## Task 1: Load Data & Import Libraries

**Goal:** Set up your environment and download the dataset for analysis.

### Instructions:

1. Download the dataset using `opendatasets`.  
   - Dataset URL: https://www.kaggle.com/datasets/heesoo37/120-years-of-olympic-history-athletes-and-results  
   - You may need to provide your Kaggle API credentials.


2. Set file paths for:
   - `athlete_data_filename` → `athlete_events.csv`
   - `regions_data_filename` → `noc_regions.csv`


3. Install and import the following libraries:
   - `pandas`, `numpy`
   - `matplotlib.pyplot`, `seaborn`
   - `plotly.express`
   - `ListedColormap` from `matplotlib.colors`


**Expected Output:**

- Dataset downloaded

- All libraries successfully imported

- File paths assigned

In [18]:
# 1. Download the dataset using `opendatasets`:
import opendatasets as od
od.download('https://www.kaggle.com/datasets/heesoo37/120-years-of-olympic-history-athletes-and-results')

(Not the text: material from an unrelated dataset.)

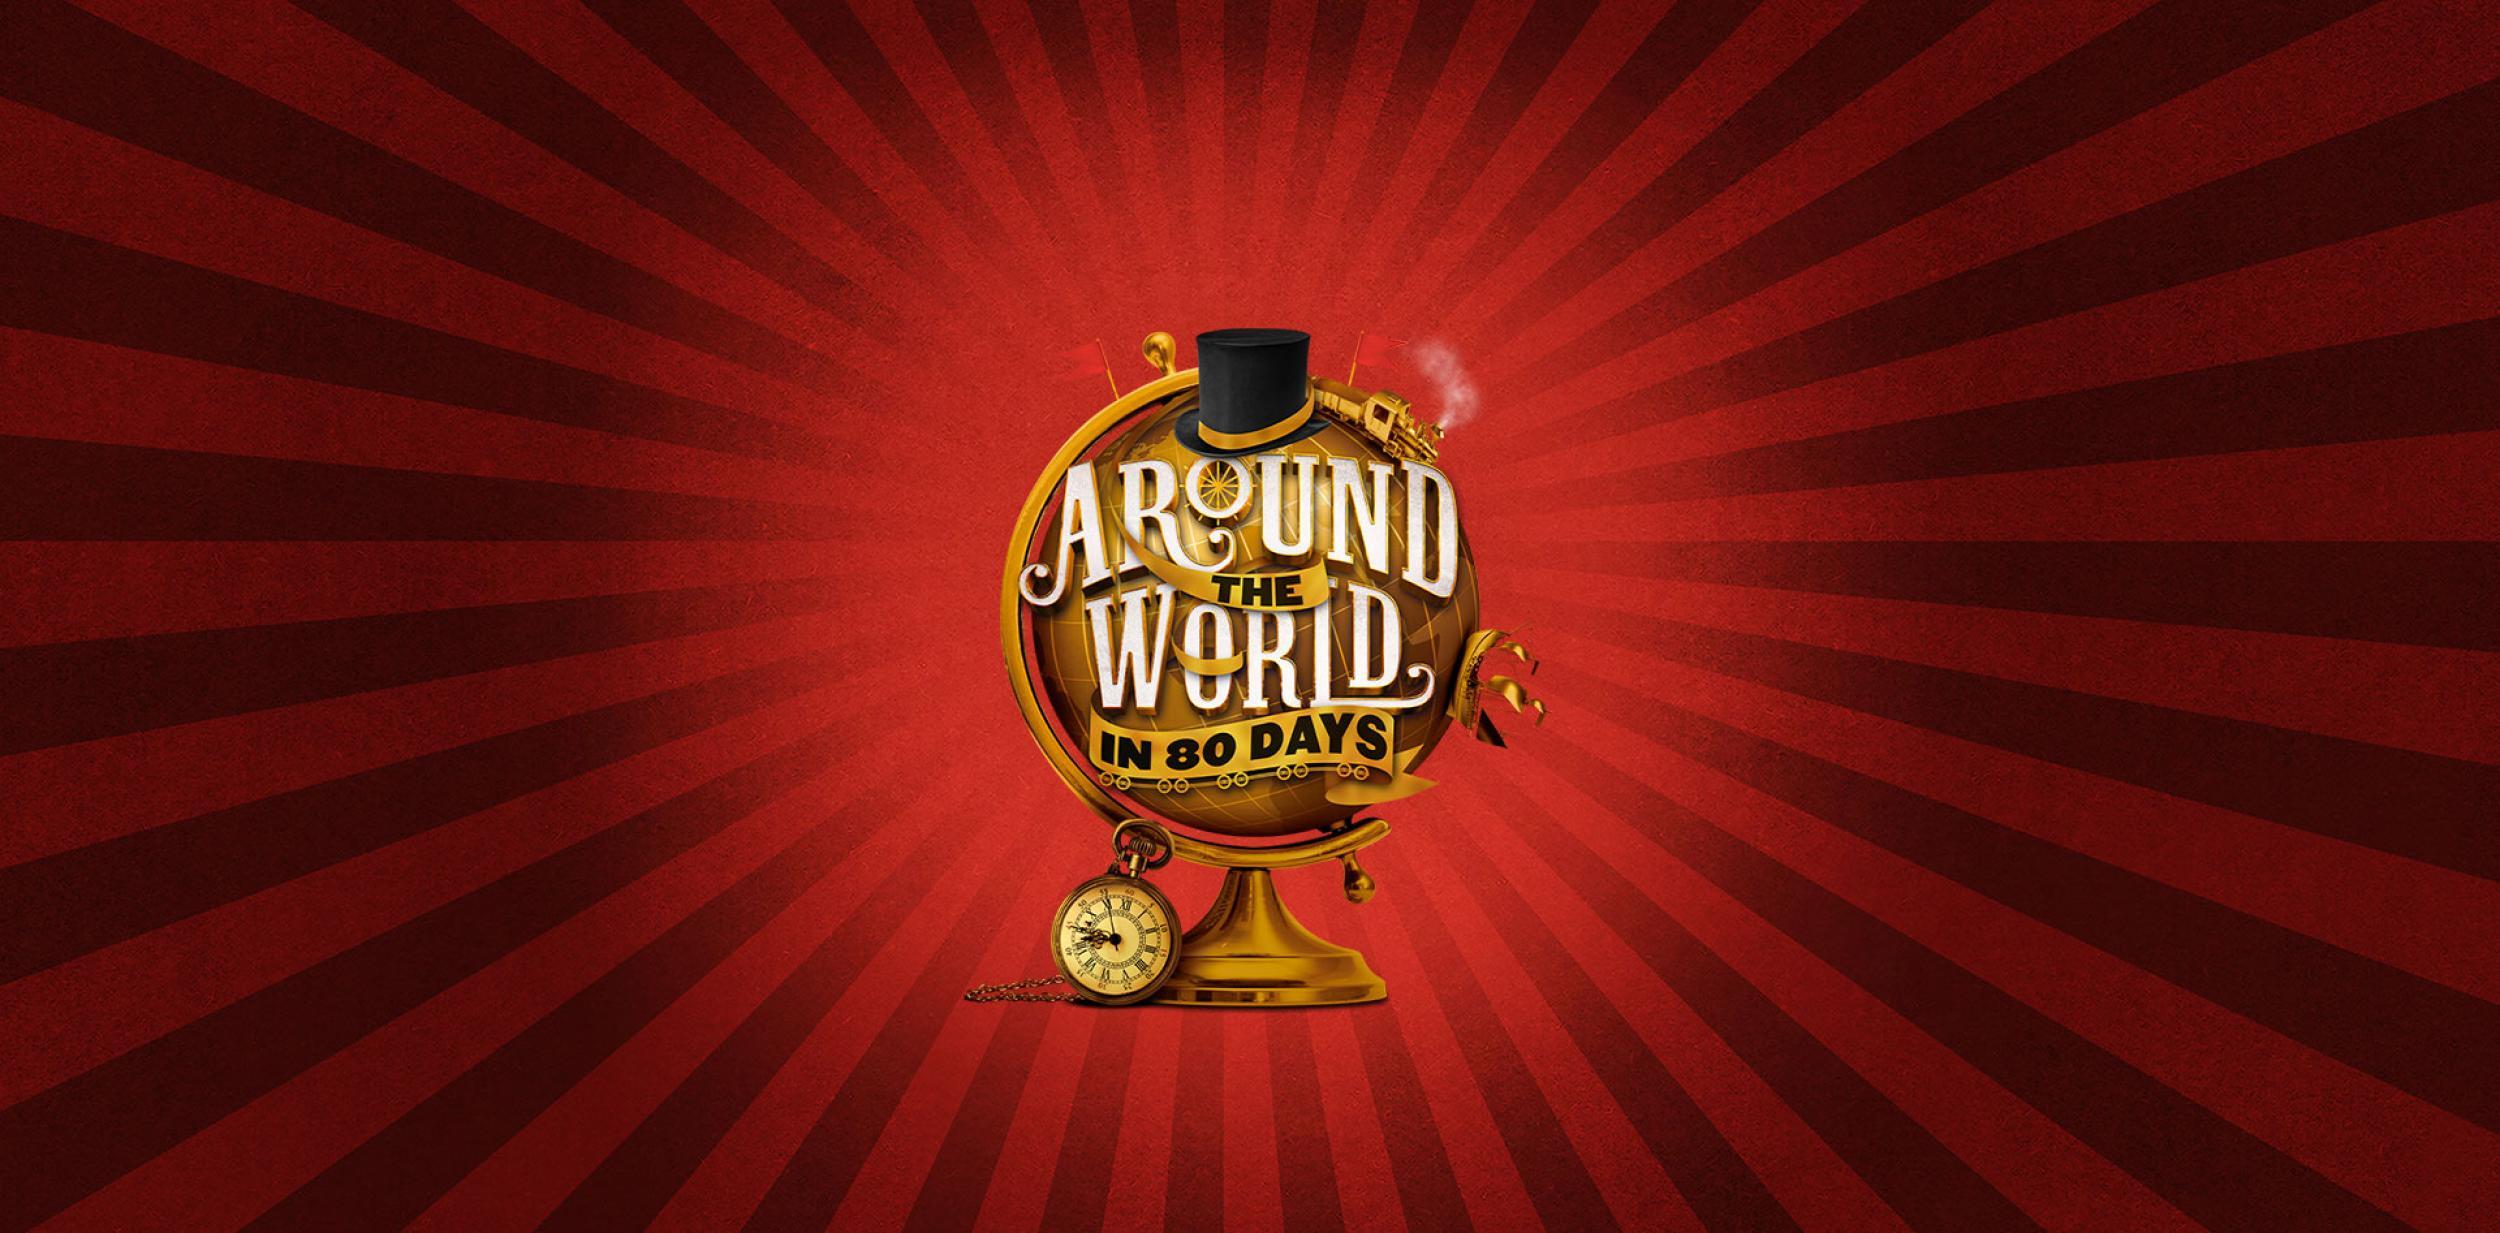 Around the World in 80 days logo on a golden globe graphic

Skipping, found downloaded files in "./120-years-of-olympic-history-athletes-and-results" (use force=True to force download)


In [19]:
# 2. Set file paths:
athlete_data_filename = './120-years-of-olympic-history-athletes-and-results/athlete_events.csv'
regions_data_filename = './120-years-of-olympic-history-athletes-and-results/noc_regions.csv'

In [20]:
# 3. Install and import the libraries:
import pandas as pd
import numpy as np
import matplotlib.pyplot as plt
import seaborn as sns
import plotly.express as px
from matplotlib.colors import ListedColormap

##  Task 2: Set Plot Style and Color Palette

Goal: Customize the appearance of your plots for consistent and clean visuals.

Instructions:
1. Set the global style for all plots using plt.style.use().
    - Use 'ggplot' for a simple, clean base style.
2. Define a custom color palette:
    - Use a list of hex color codes.
    - Example: ["#0a2e36", "#27FB6B", "#14cc60", "#036d19", "#09a129"]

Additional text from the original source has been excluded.